While there’s certainly such a thing as “too much garlic,” it really does take a lot of garlic to get there. Garlic is one of those ingredients that needs no measurements, where you should never follow the suggested amount, and instead follow your heart. It adds depth and complexity to practically any savory dish, and while you might not always notice garlic’s presence, you will always notice its absence. It’s become a staple ingredient in cuisines on every continent, including Antarctica. It’s got a myriad of health benefits, too, but none of us really need an excuse to rationalize going crazy with the garlic, now do we.
Depending on the variety, a single bulb of garlic contains upwards of a dozen individual cloves of various sizes, from large fat ones on the outside, and small flat ones closer to the core.

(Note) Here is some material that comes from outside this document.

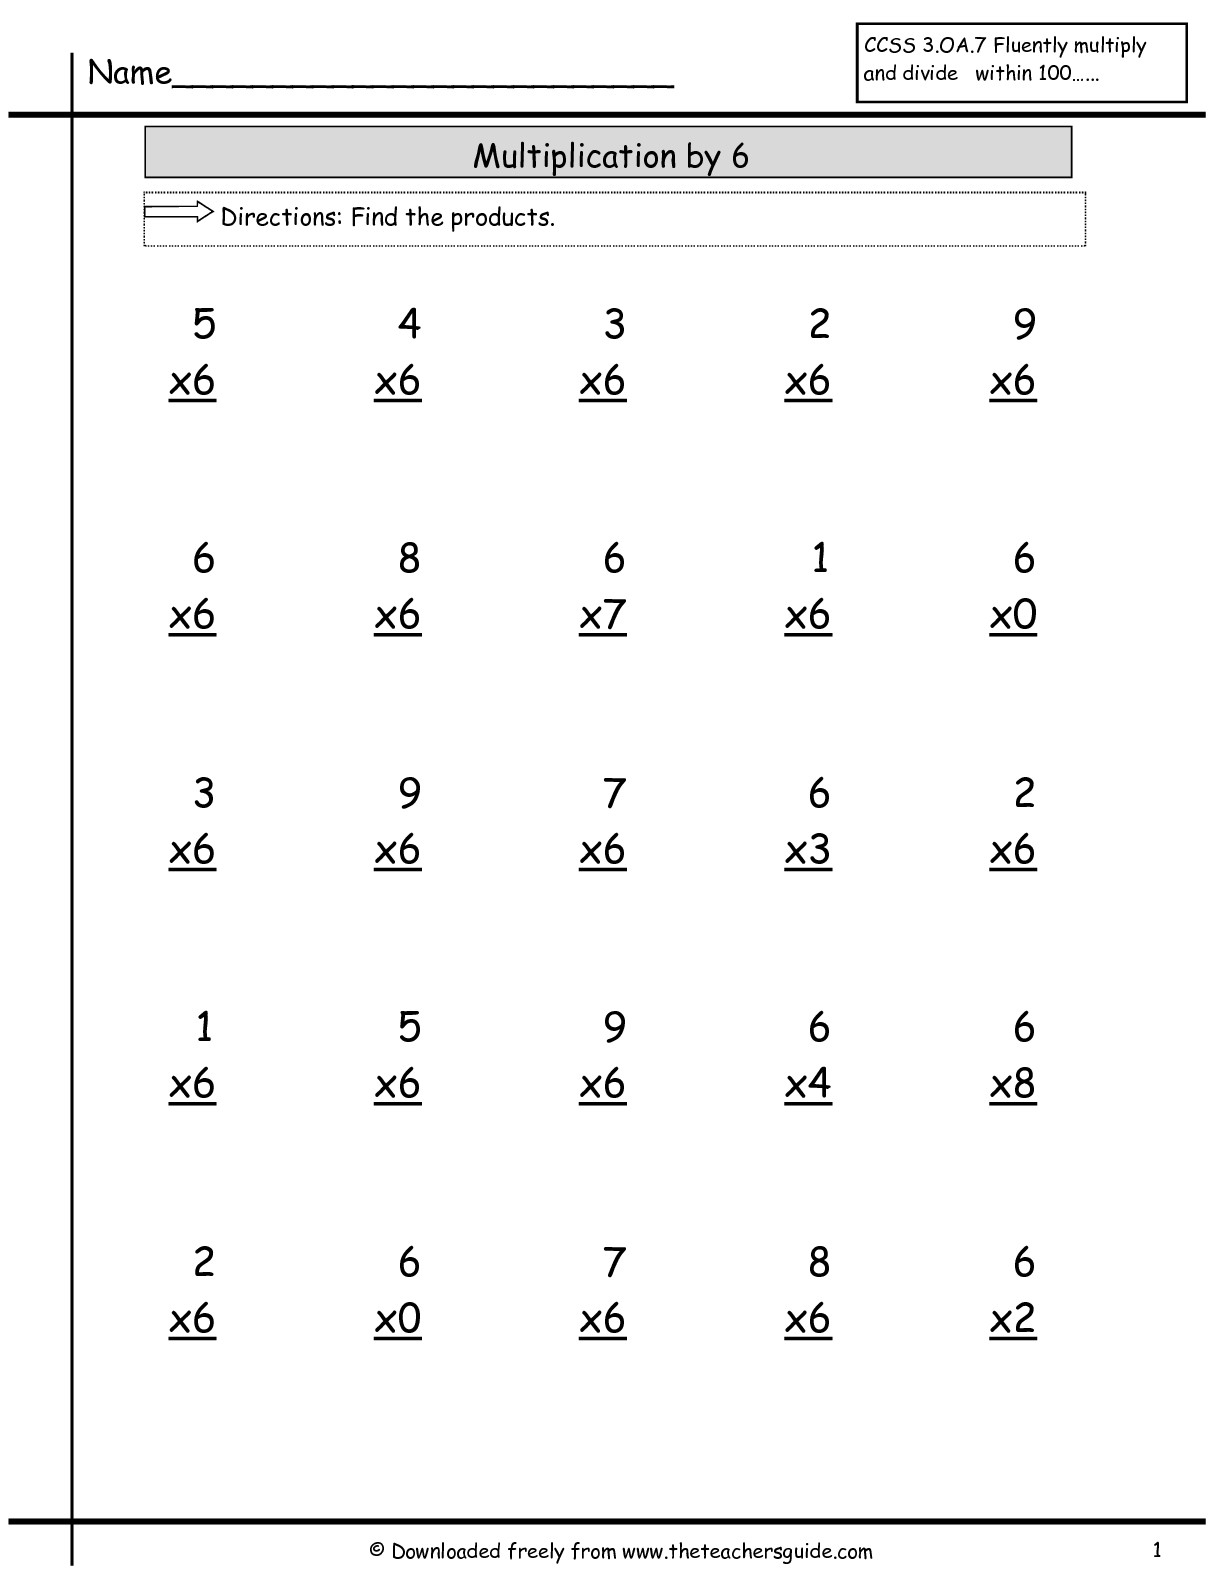 Multiplication Facts Worksheets From The Teacher&amp;#039;s Guide with Multiplication Worksheets 8 Facts

The entire head is covered with a papery skin which, when fresh, is taught, unbroken, and will not flake apart when rubbed between your hands. As garlic ages its skin will begin to break and fall away, so keep that in mind when shopping to make sure the bulbs you bring home will last. Additionally, old heads of garlic will begin sprouting green shoots from its cloves, which are fine for planting in the garden, but not so much for eating. If the garlic you have in your kitchen has sprouted, there’s no need to throw it out, but you should remove the sprouts by cutting each clove in half and plucking them out.
It adds depth and complexity to practically any savory dish, and while you might not always notice garlic’s presence, you will always notice its absence.
Use the raw power of your hands to break the bulb apart instead of peeling it, as the more you keep the bulb intact, the longer its shelf life will be. If you find yourself struggling, peel off a few layers of the outer skin, stopping as soon as you can easily pull a few cloves away from the attached root.
The individual cloves are also wrapped in their own papery skin, and again, when fresh, they stubbornly cling to the garlic and are difficult to remove with your fingers. If you intend to use the cloves unbroken and unblemished, carefully use a sharp paring knife to trim off tiny slices from the top and bottom, then make a delicate perpendicular cut and slip the papery wrapping off like a jacket. Preparing garlic this way is good for pickling or making whole roasted cloves, but if you’re looking to impart any serious garlic flavor into what, you’ll need to, at the very least, crush it.
When garlic is crushed, diced, minced, grated, pulverized or broken down in any way, its cells release a an enzyme called alliinase which, when exposed to oxygen, catalyzes the formation of a sulfur compound called allicin. Allicin is what gives garlic its signature flavor, and the more you break up the garlic, the more potent it will taste. If you’re looking for a gentle garlic flavor, like in salad dressings or gravies, lightly crush your garlic to keep the allicin to a minimum. If you want your dish to taste ultra-garlicky, grate the cloves with a microplane to turn into an intensely flavored paste. Chopping, mincing, and slicing create flavors in between, so use that knowledge to control the flavor of whatever dish you’re preparing.
Allicin is what gives garlic its signature flavor, and the more you break up the garlic, the more potent it will taste.
Another benefit to crushing: it’s the best, easiest way to peel garlic, as once it’s been given a few thwacks, the papery skin will peel right off to be discarded. Use the flat side of a chef’s knife to do this, positioning the clove close to the handle, where the blade is strongest and has the most surface area. Place the heel of your hand on top of the knife and firmly press down until you can feel the garlic cloves pop. Be sure to do this on a cutting board or other surface where the garlic will not slip around, and keep the blade of the knife pointed away from you for safety purposes.
To chop or mince garlic, gather your crushed, peeled cloves together in a pile. Hold the handle of your chef’s knife firmly with your dominant hand, place the palm of your other hand on the back of the blade, and begin rocking the knife back and forth over the garlic until it’s cut to your liking.
To slice your garlic into thin pieces, start by crushing it lightly—just enough to make the skin easily peel off. Hold the clove against the cutting board with your fingertips curled down, then slowly and carefully glide your thinnest knife through it. When slicing, speed is not as important as accuracy, so take your time.